How do you find such a company? You start at the top. It’s a waste of time to talk to anyone who isn’t capable of making a decision. You want to talk to the owner or at least the general manager.
You need to know your stuff and have a grasp of the technology. You must be capable of clearly defining what each company must do to create that first “proof of concept” product. You must be willing to produce your end of the process at no cost to them.
You should have completed initial market research so you can speak intelligently about the size of the market, and what a target selling price would be. It’s also helpful if both parties agree to transparency. “I will show you my spreadsheet for cost of goods sold, if you show me yours.” Being able to justify every cost and expense goes a long way to earning your ally’s trust.
Keep it Friendly
Because you’re allies, it’s a given this relationship will not work unless it’s a win-win and you can form a trusted bond.

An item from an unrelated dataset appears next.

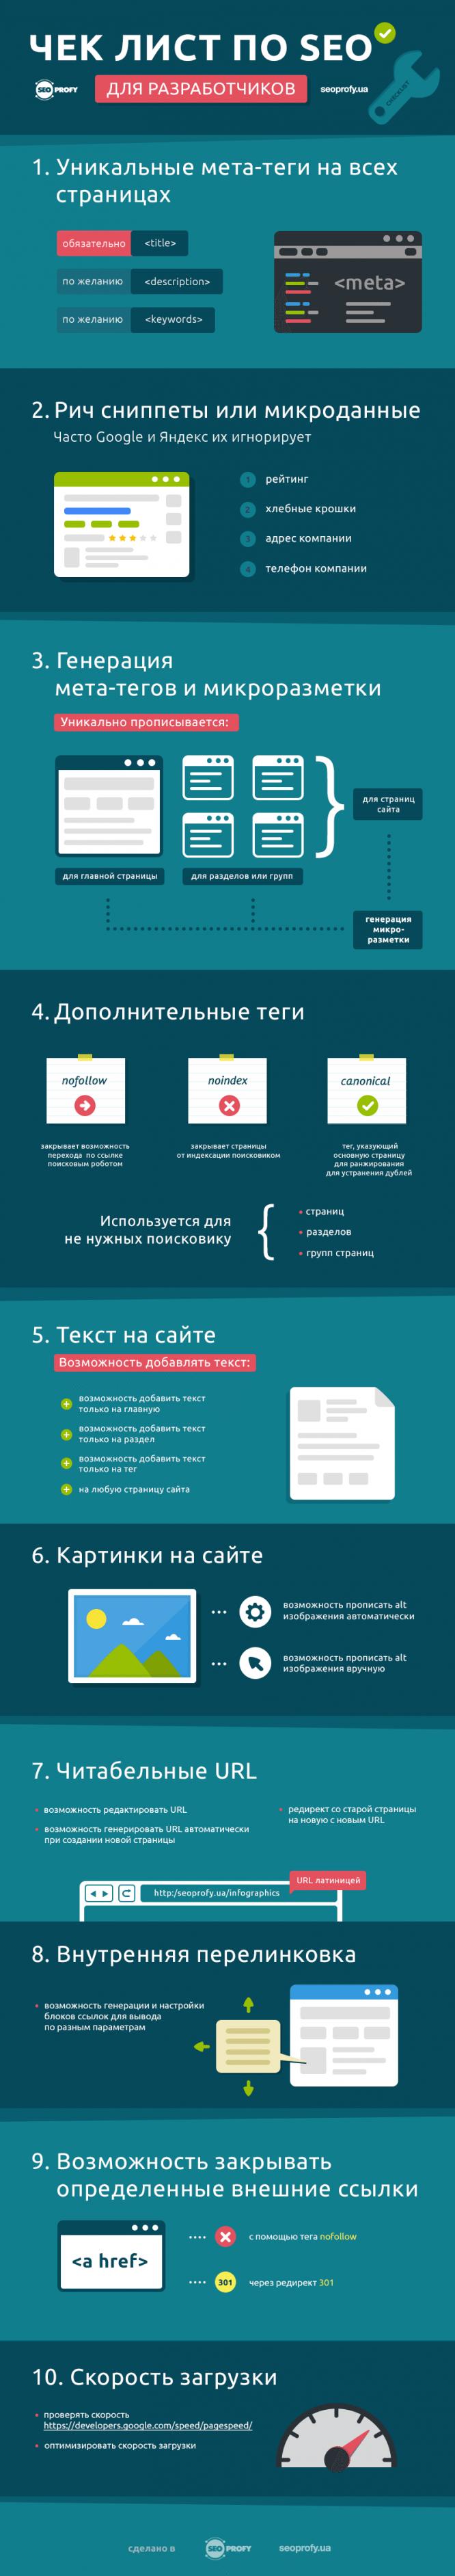 seo-checklist-for-dev1
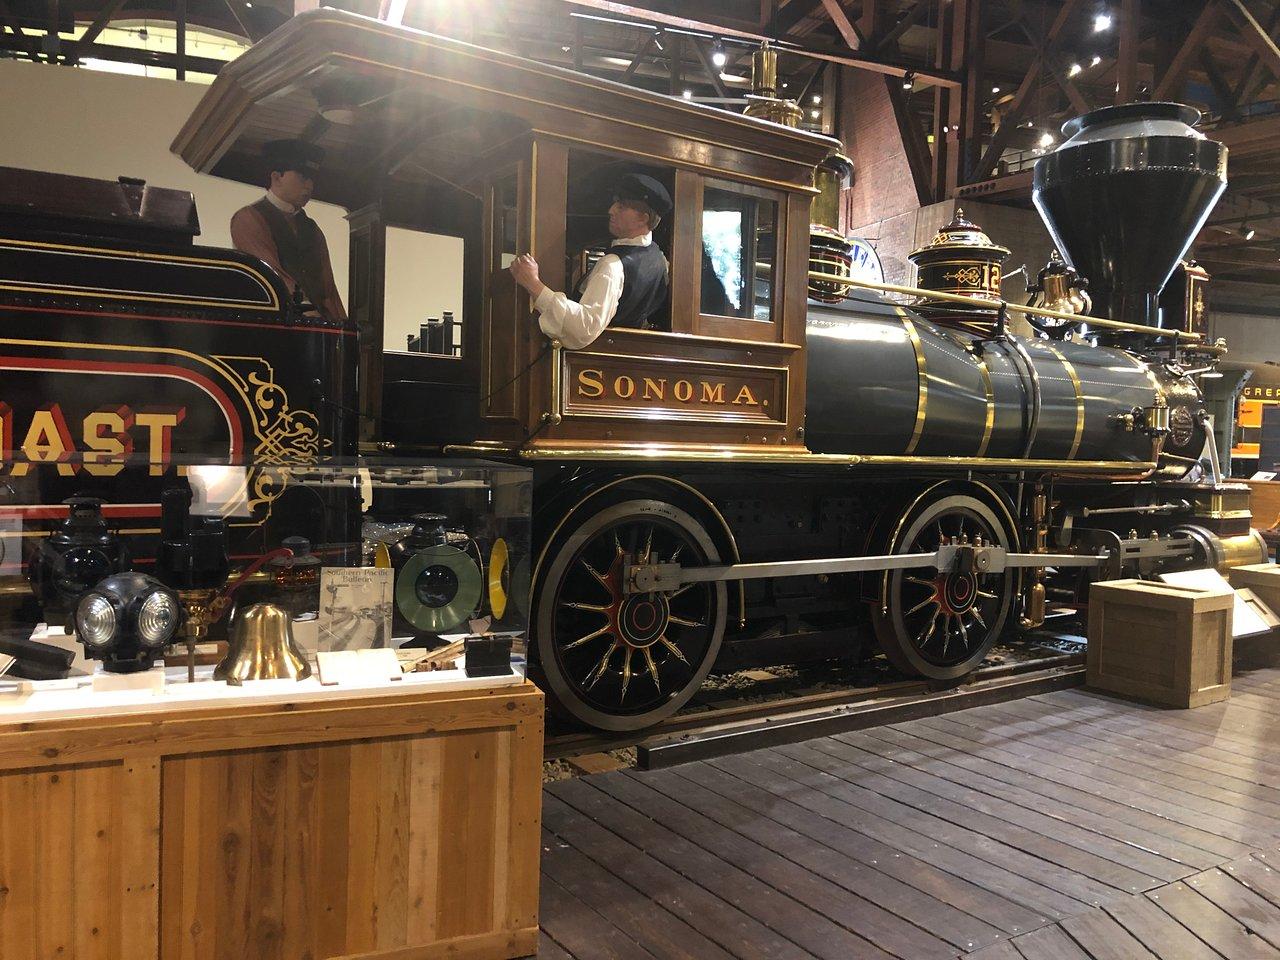 Railway Trains Traveller by Steam Locomotive Adult /& Kids T-Shirt

If it starts smelling like either party is trying to take advantage of the other, it won’t work. The only relationships like this that are worth doing must have long-range potential. It’s too much work to put one of these partnerships together to have it not last at least five years.
We’ve created more than a half dozen successful, profitable alliances. In almost all we agreed we could both sell the product. We negotiate what their production costs to us are and vice versa.
It’s important to pick allies you personally like. Life is too short to do business with a**holes.
The importance of forming strategic alliances is you can expand your product offerings and your potential markets. You can do this with no significant capital investment and the associated risk of not making your ROI. You can create barriers to entry for competitors because few in our industry have the combined capabilities your alliance creates.
Finally, in the unnamed, more-than-a-decade-old relationship, we’ve been able to maintain the same price per square foot for the product in spite of dramatic deterioration of pricing in the open market. Consideration is given: we invented the product and the process. Sales remain profitable for both companies. Our partner has not pressured us to lower our price or, worse, dump us because they can buy it elsewhere for half the cost. I can’t think of anywhere else in our industry where you can find that advantage.
Let your creative juices flow and create new products where your company can contribute to the distributive manufacturing. Then, make a new friend (often outside our industry). Have fun and make money.
Craig Miller is a principal shareholder in Las Vegas-based Pictographics where he is also director of military and law-enforcement projects.